I'm going to bump this request. Subsetting the samplesheet prior to creation of an RGset seems most straightforward, but I get a failure: "anyDuplicated(!basenames) is not TRUE"
Doesn't make sense since the full samplesheet runs fine...?
Subsetting the RGset just seems like doing more work needlessly. Granted, what do I know, especially seeing as I'm too much a novice to contribute to the solution myself. Thank you for your time.
I don't understand this report at all. Could you please post how you subset the samplesheet as well as the first couple of lines (output of head(samplesheet)
)?
I "delete rows" in LibreOffice's Calc, and then resave the file. I don't think the issue is in the "resaving".
The first seven lines remain the header of the samplesheet. Everything below is the standard table you'd have left. Sample name, well, etc. I removed rows below this.
Attempting to read this in produces the duplicate basenames issue...although I don't understand in the slightest as to why/how.

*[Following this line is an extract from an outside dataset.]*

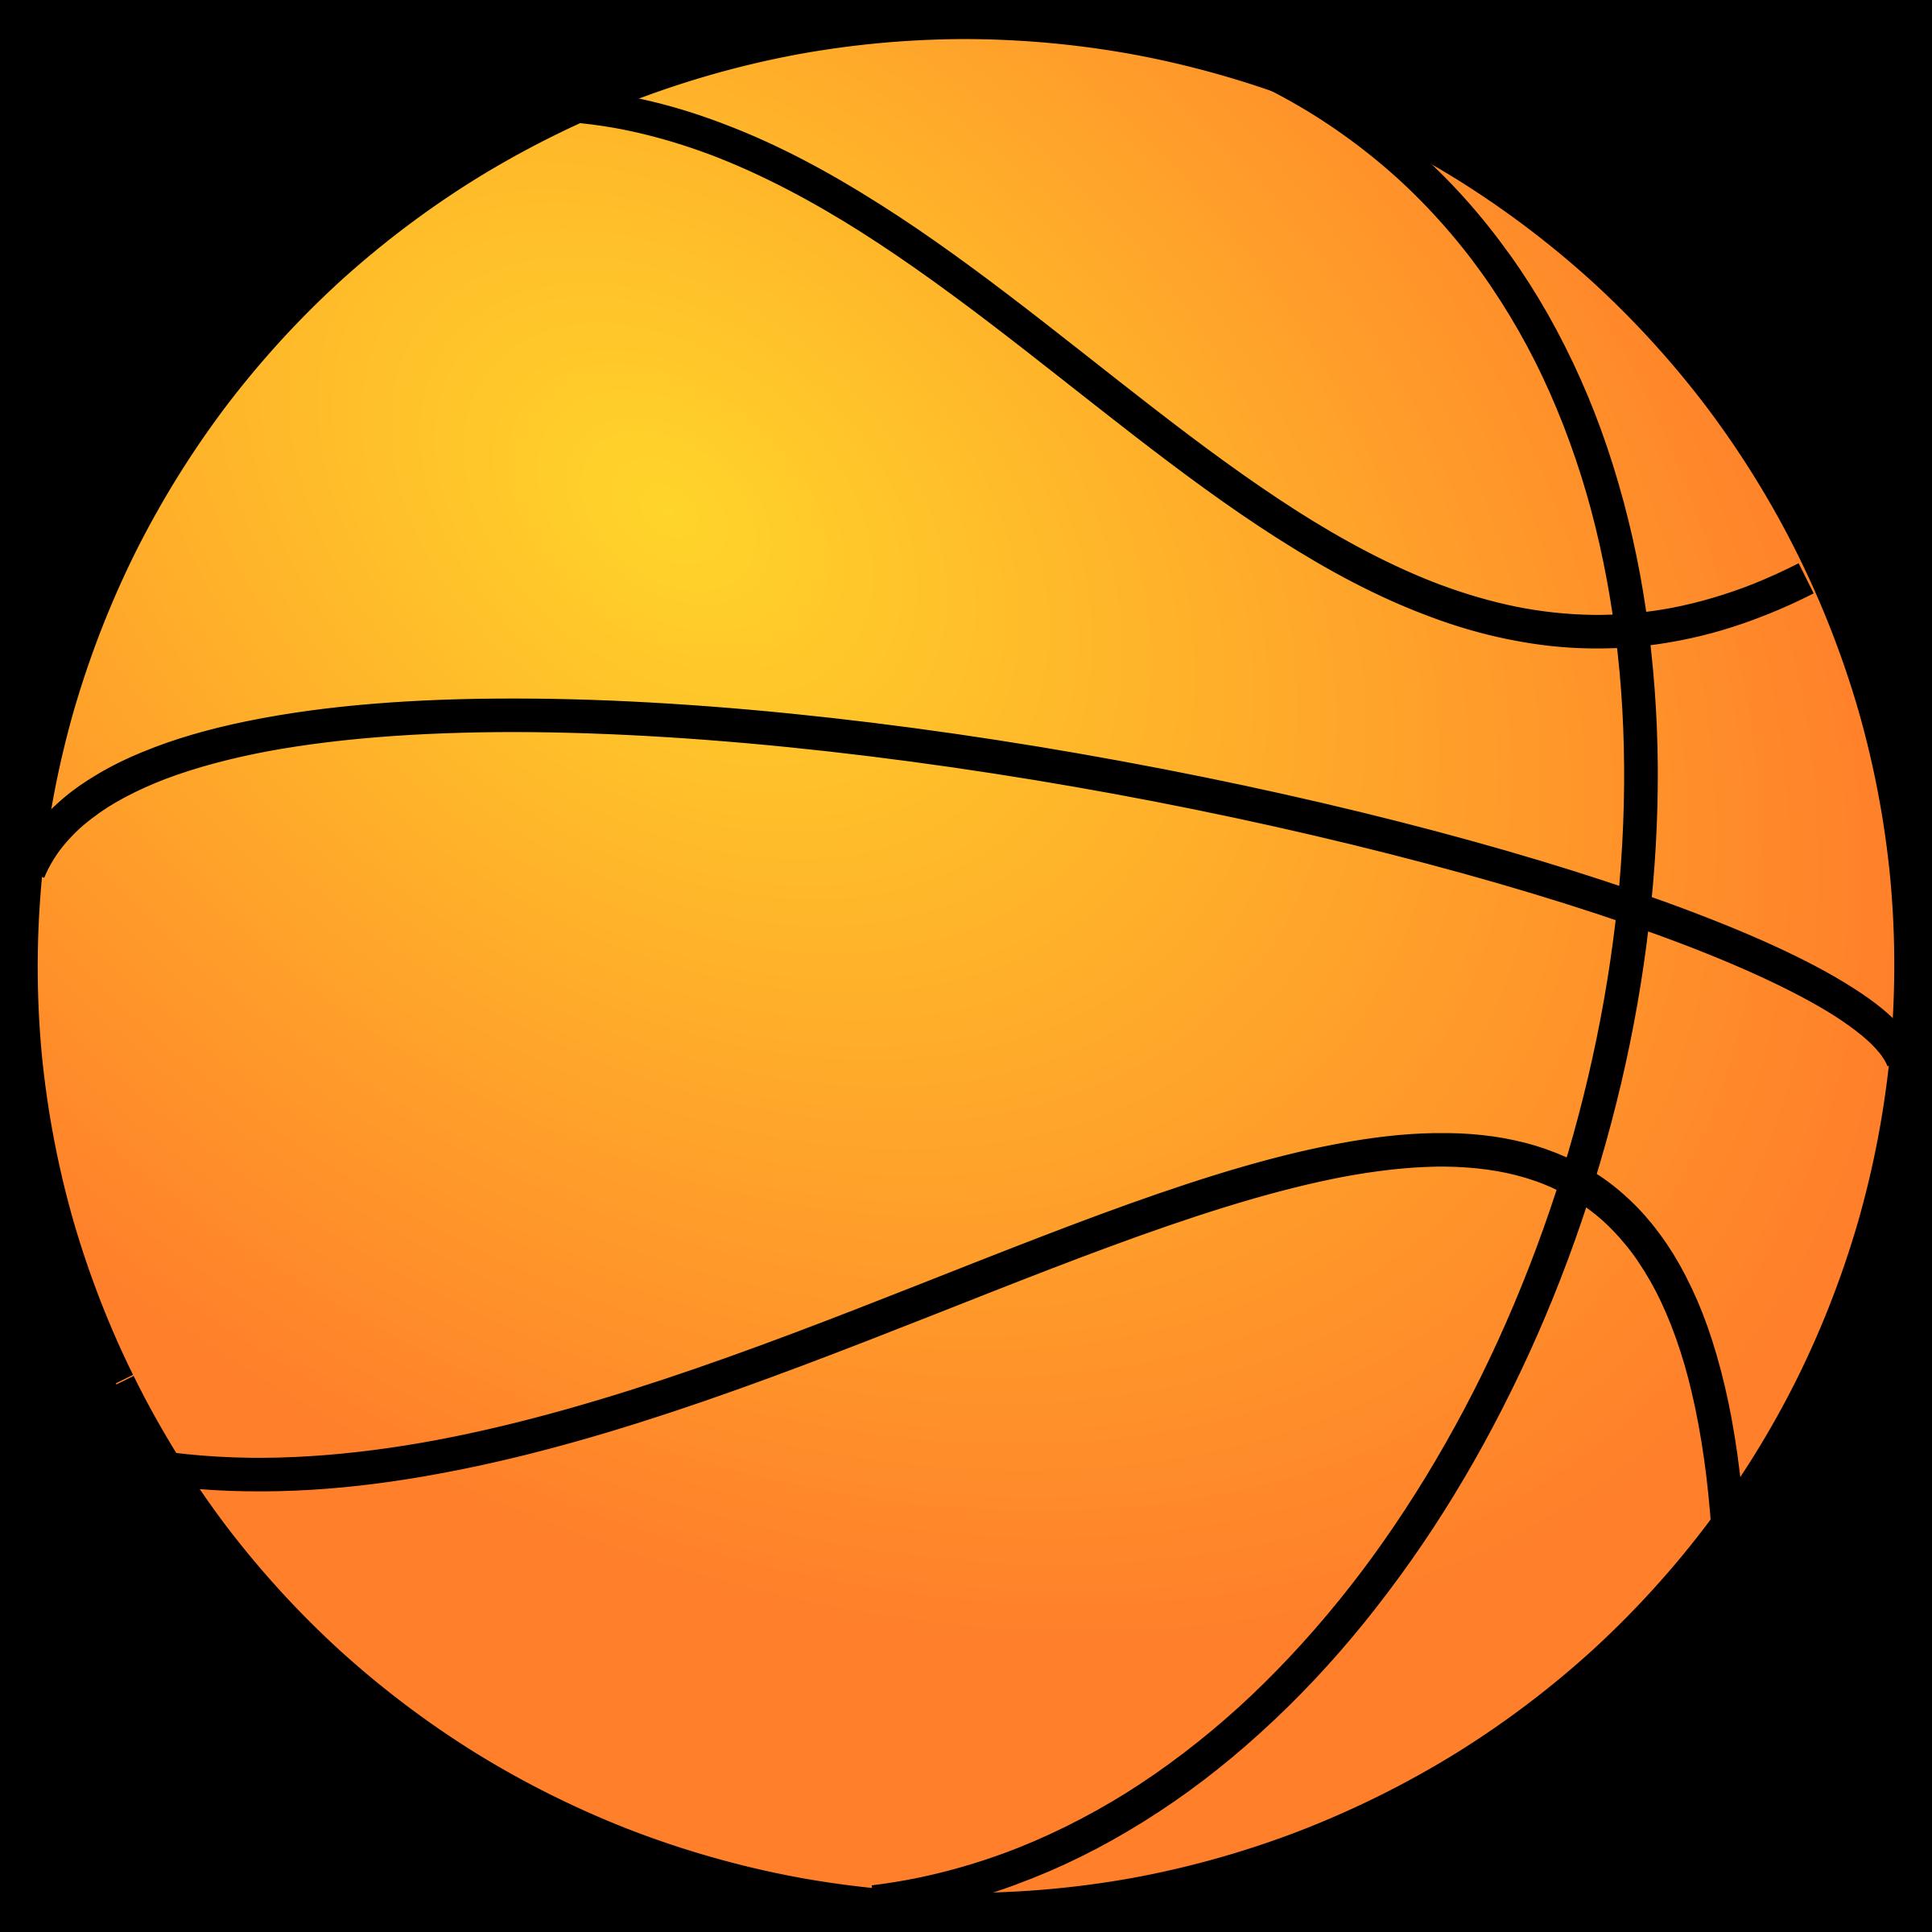 pin Wallpaper clipart basketball #11 - Basketball HD PNG

Alternatively, I would just remove them from the RGchannelset object, but I'm running into hell with being unable to subset how I'd like to (subset RGset@colData@rownames from a list-vector of IDs I want).
However, everything I find online points towards subsetting after the preprocessing has been done, which seems technically incorrect.
Thank you very much for the help on this, I greatly appreciate it.
From: Maarten van Iterson mviterson@gmail.com
Add function argument na.rm=FALSE/TRUE to detectionP which should be passed to colMedians and colMads such that detectionP can handle NAs in the Red and Green intensity matrices of an rgSet. If na.rm=TRUE some detection P-values will be NA, if these were NA on the probe-level, but this is we want. For example, we use this for some probe-level filtering steps e.g. on the number of beads minimally required.